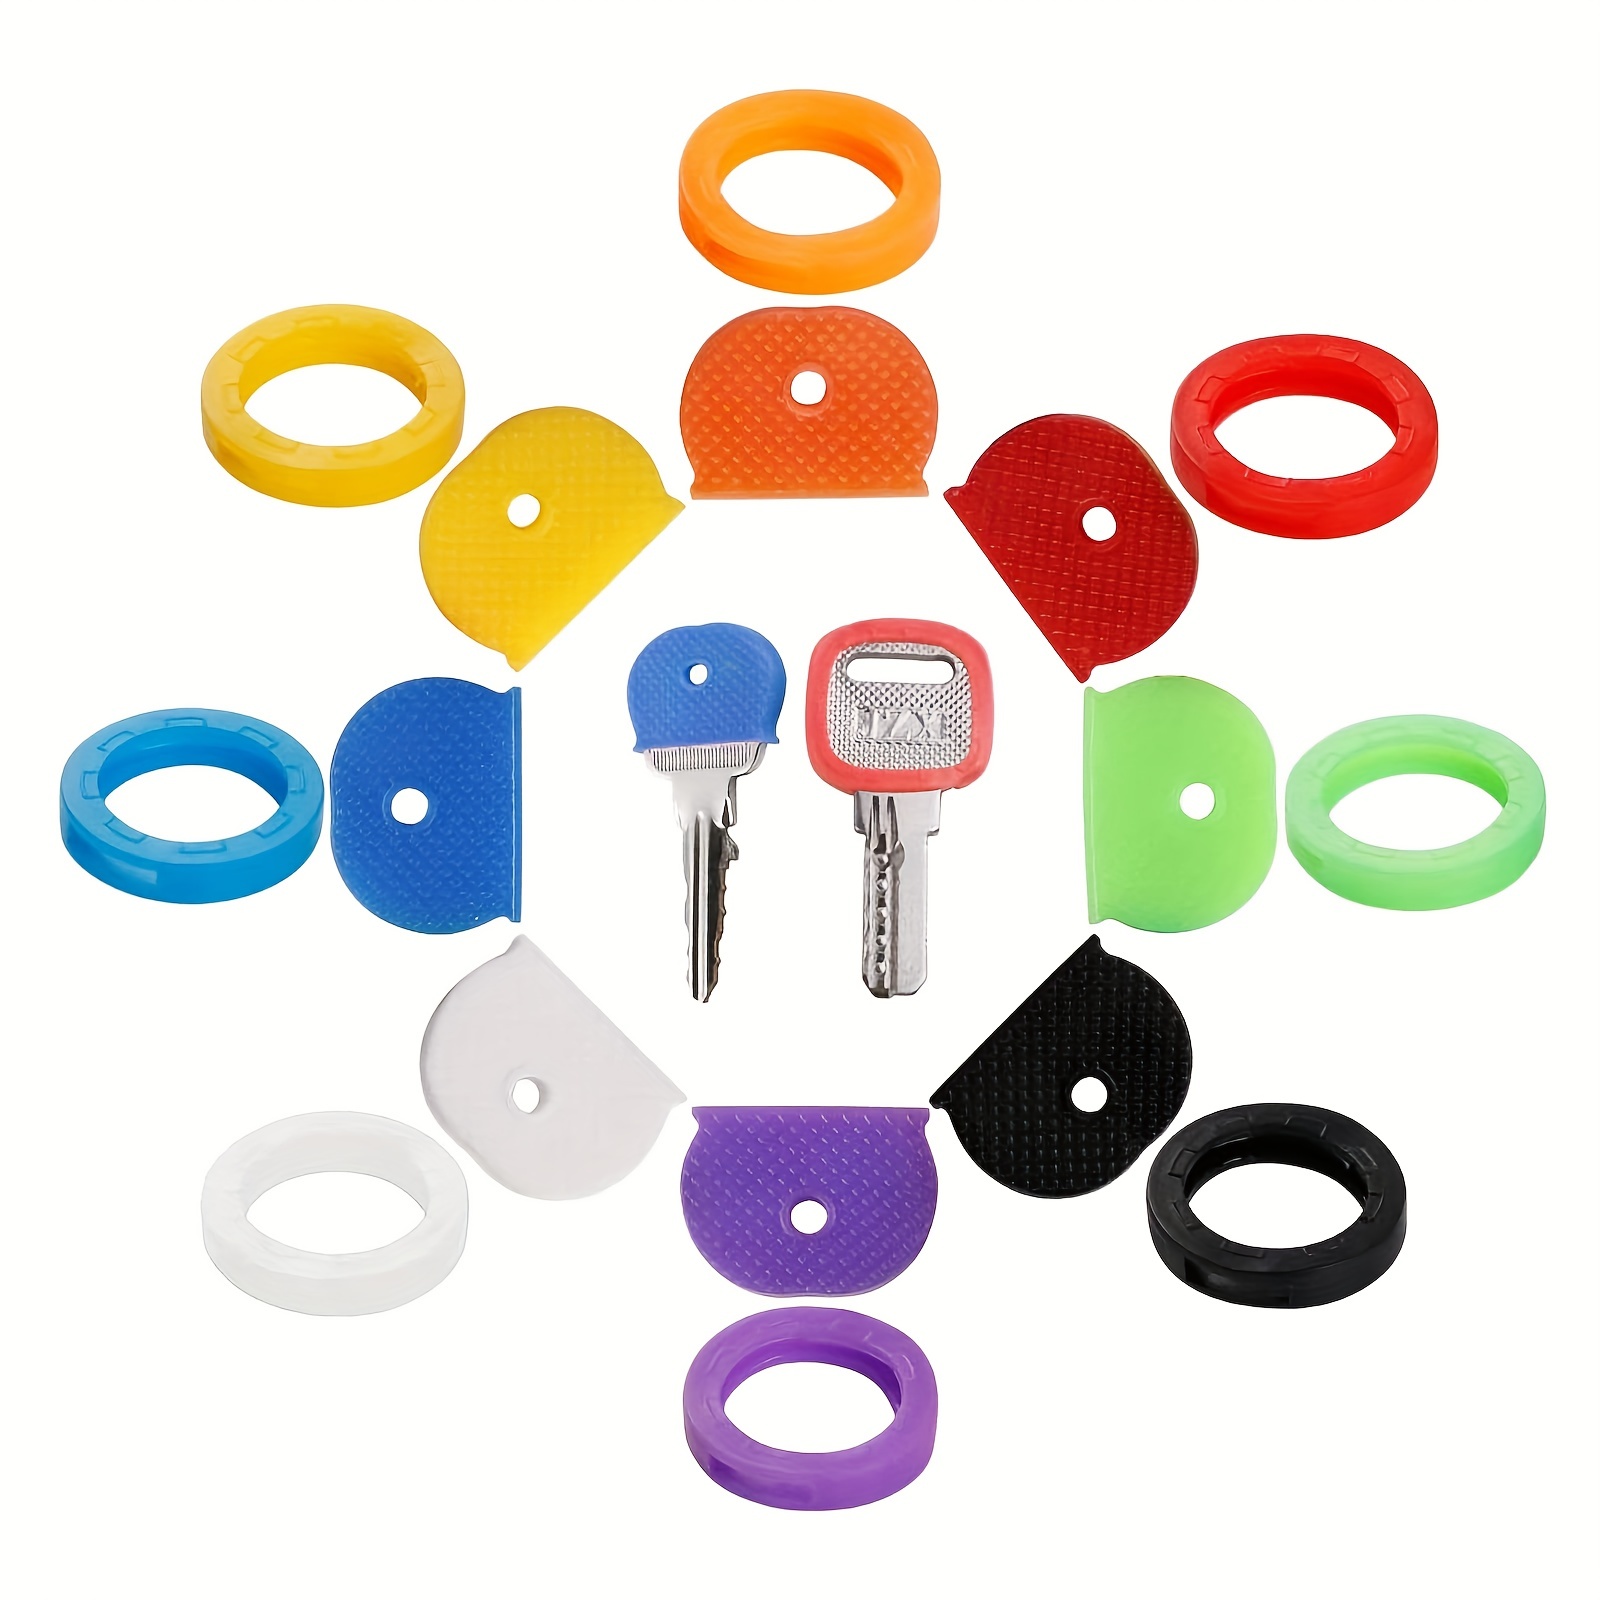 

16/32pcs Key Caps Covers Tags, Key Cap & Key Ring Combination, Label Id, Perfect Coding System To Identify Your Key In 2 Different Style 8 Assorted Colors
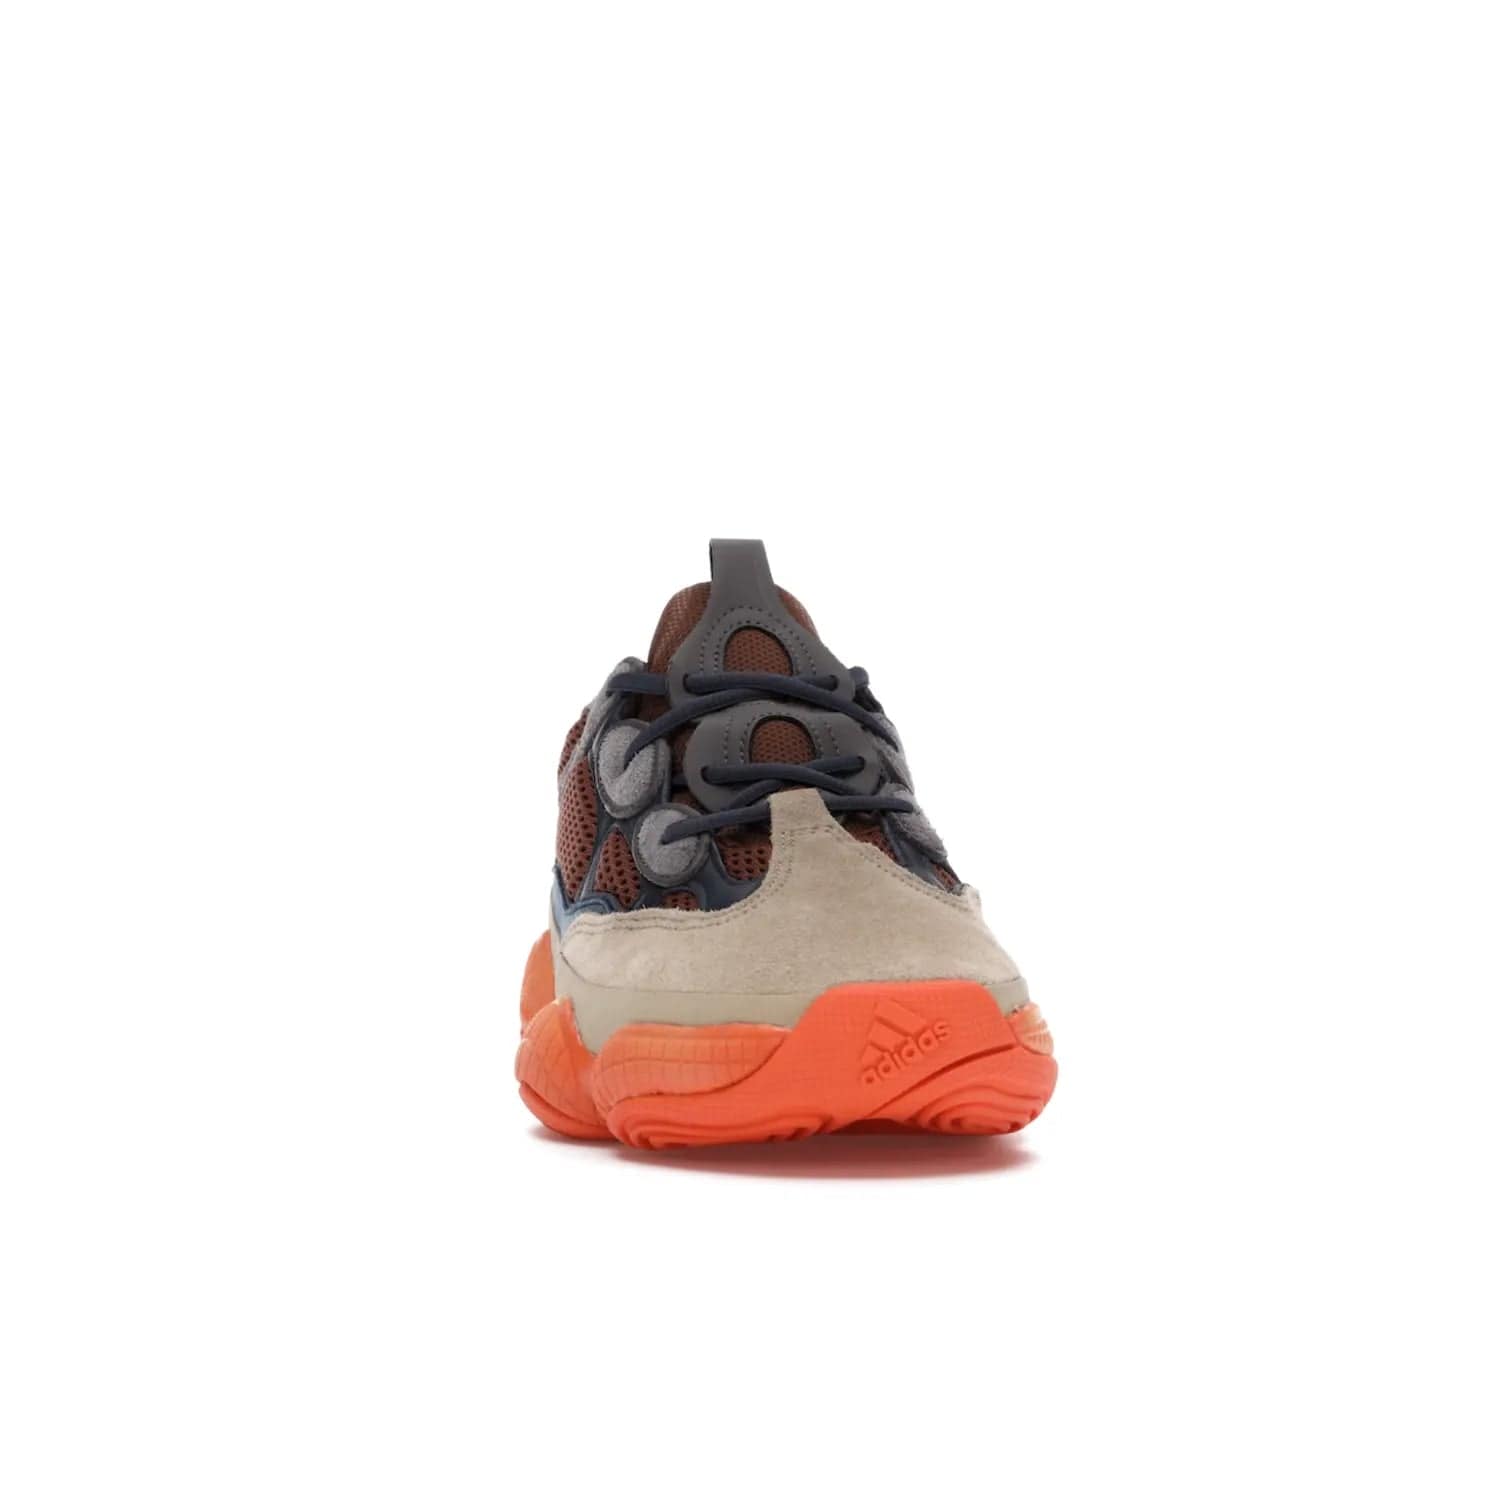 adidas Yeezy 500 Enflame - Image 9 - Only at www.BallersClubKickz.com - Step into style with the adidas Yeezy 500 Enflame. Mix of mesh, leather, and suede layered together to create tonal-brown, dark blue, & orange. Orange AdiPRENE sole provides superior cushioning & comfort. Get yours and experience maximum style.
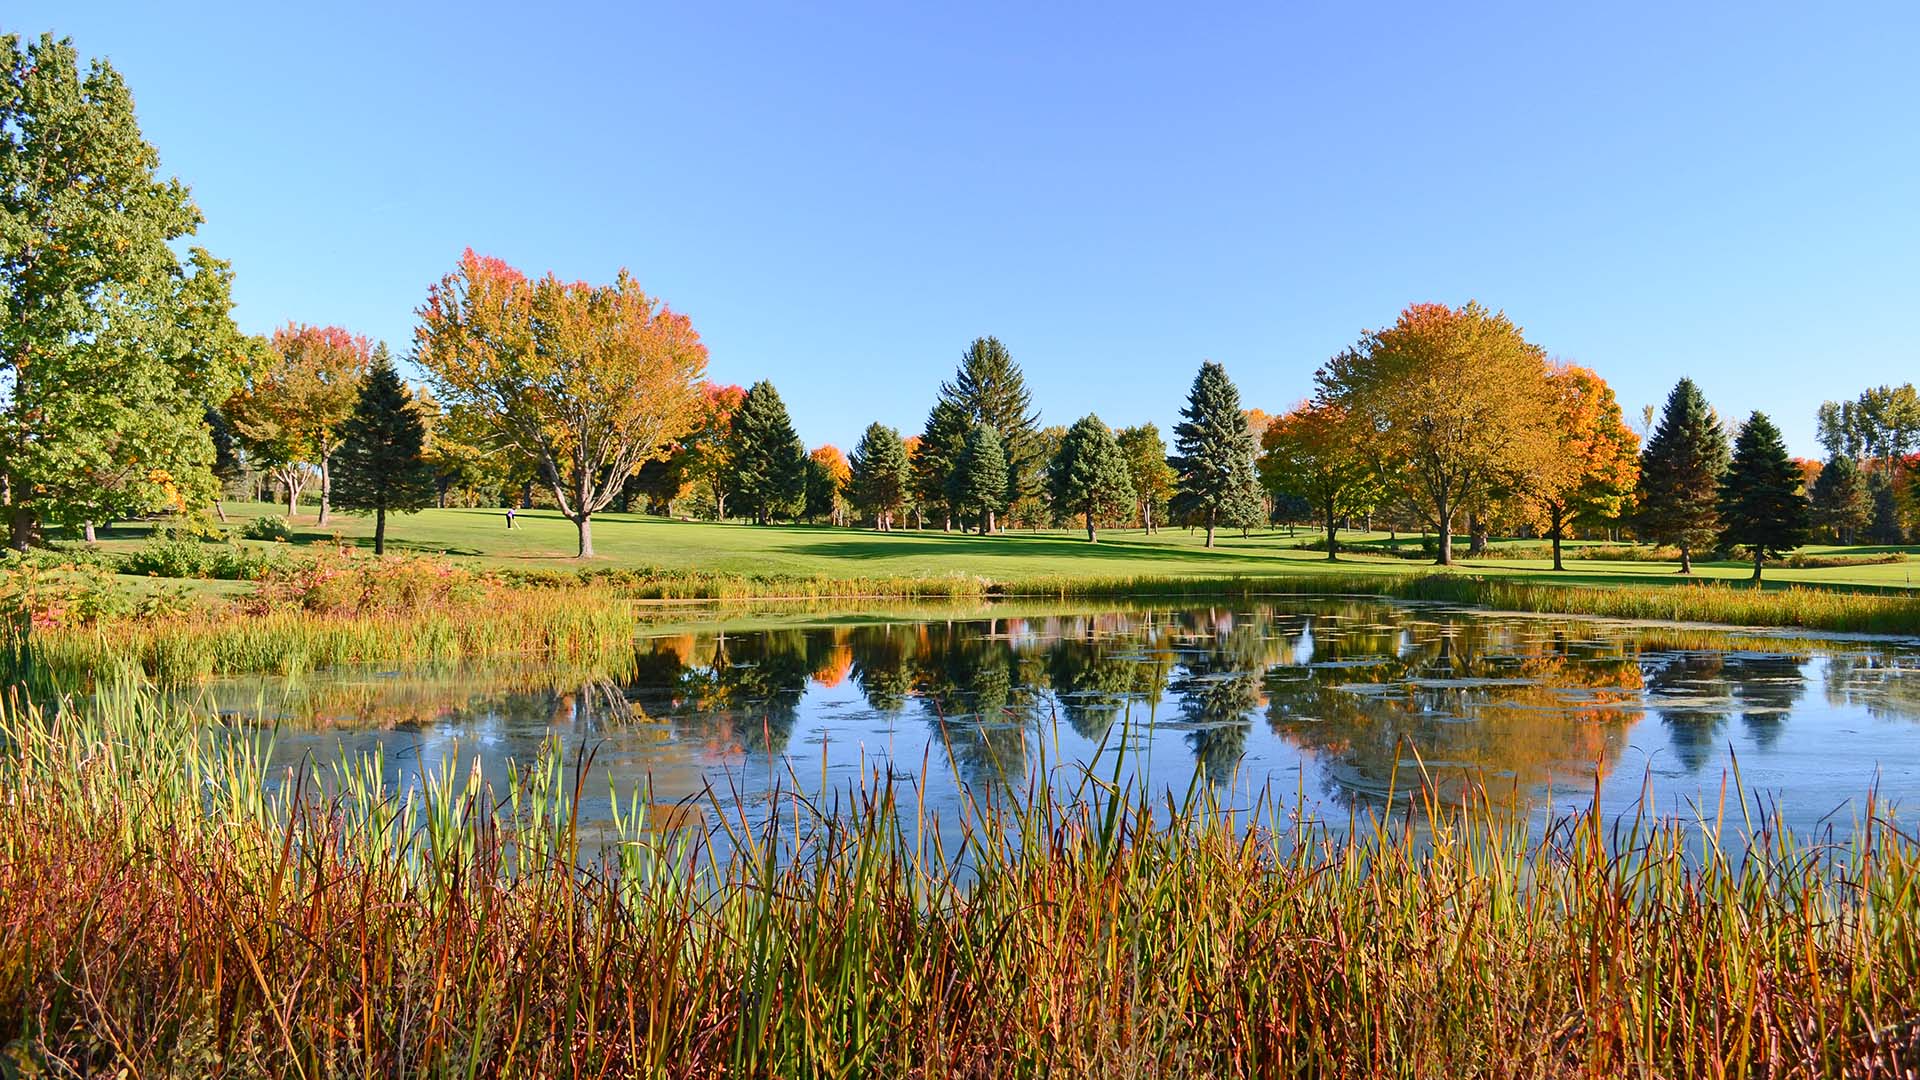 Seven scenic golf courses to play this fall in Southwest Michigan
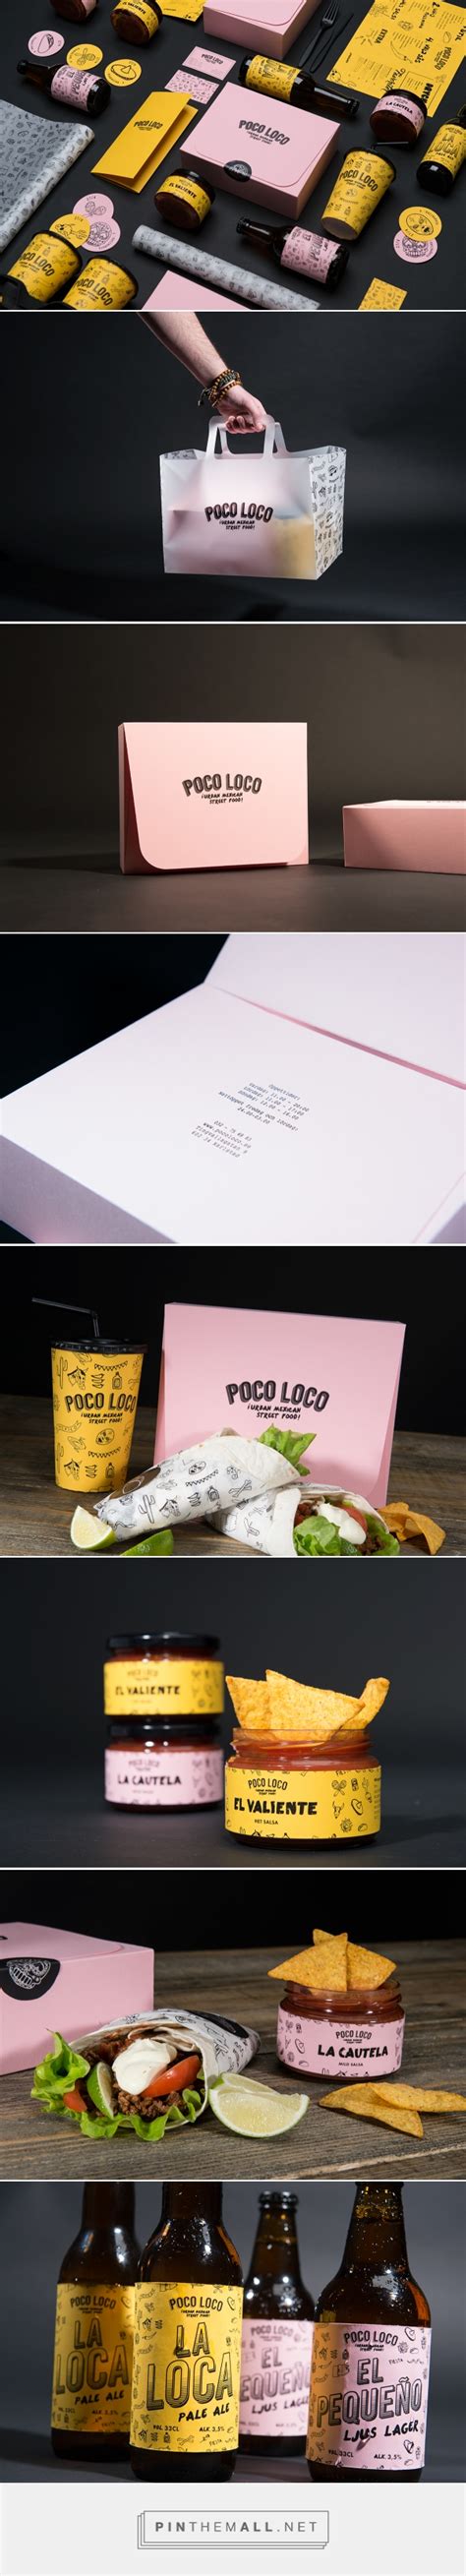 Poco Loco Rebranding And Packaging Project On Behance A Grouped

◆ **Problem description**: Where a picture appears, skip it and copy the rest of the data word for word.

◆ **Answer for this exercise**:
16/32pcs Key Caps Covers Tags, Key Cap & Key Ring Combination, Label Id, Perfect Coding System To Identify Your Key In 2 Different Style 8 Assorted Colors
 adidas Yeezy 500 Enflame - Image 9 - Only at www.BallersClubKickz.com - Step into style with the adidas Yeezy 500 Enflame. Mix of mesh, leather, and suede layered together to create tonal-brown, dark blue, & orange. Orange AdiPRENE sole provides superior cushioning & comfort. Get yours and experience maximum style.
 Seven scenic golf courses to play this fall in Southwest Michigan
 Poco Loco Rebranding And Packaging Project On Behance A Grouped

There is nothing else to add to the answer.